It's hard when you hit an endpoint that hits another endpoint, because technically the first request IS a 200. No right or wrong way as long as they are consistent and document it clearly imo
I my experience you then send a different error code to help developers know that right away. Really if there is nothing the developer could do it should be a 500 server error. The server did in fact error.
If the developer should have done something different then translate it to an appropriate code, 400 bad request or something
After working few years on a complex web application, I am starting to feel this style.
Doing RESTful APIs for anything else than dead simple CRUD is pain.
It's similar to how I now often avoid throwing errors in my code, and instead return a 'results' object that could potentially have an error or a success. It often forces you to test and think about the non happy path more thoroughly.
Exceptions actually have a huge performance hit, you should only use them in a HALT EVERYTHING IMMEDIATELY situations and never in anything that could be called repeatedly.

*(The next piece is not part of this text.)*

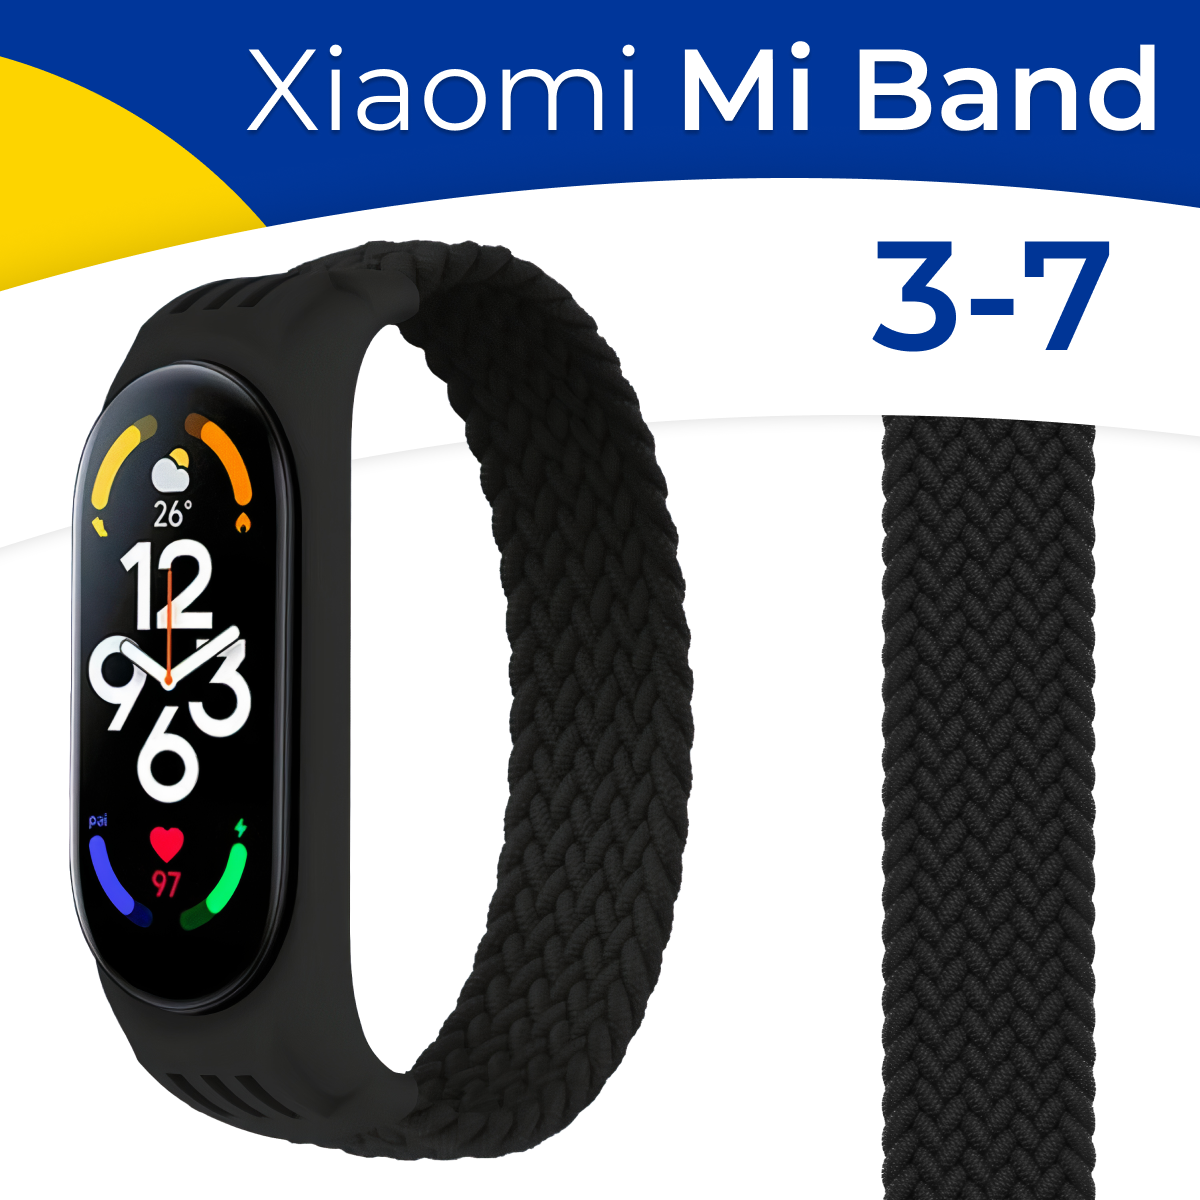 Нейлоновый ремешок для фитнес-трекера Xiaomi Mi Band 3, 4, 5, 6 и 7 / Плетеный тканевый монобраслет (15,5 см) на смарт часы Сяоми Ми Бэнд 3-7 / Черный

We have refactored few of those to be 10-100 times faster by just returning success: false instead of throwing and catching exceptions.
The quality of Microsoft APIs is legendary... if you just take a minute to study win32, you will be always glad that those webserver responses are the kind of shit you have to deal with.
But to be fair, this looks exactly like a well designed API that somebody pushed behind a corporate firewall.
What don't you like about graphql error handling? Whenever I've made a graphql api, I use the default errors as unhandled/system errors and payloads return handled error types.
It's a bit more boilerplate to wire up, but I find it smooth to build and use
Yeah, typical on .net too. I just have a middleware and turn it into proper REST. Though all the error messages are usually like 'something went wrong'.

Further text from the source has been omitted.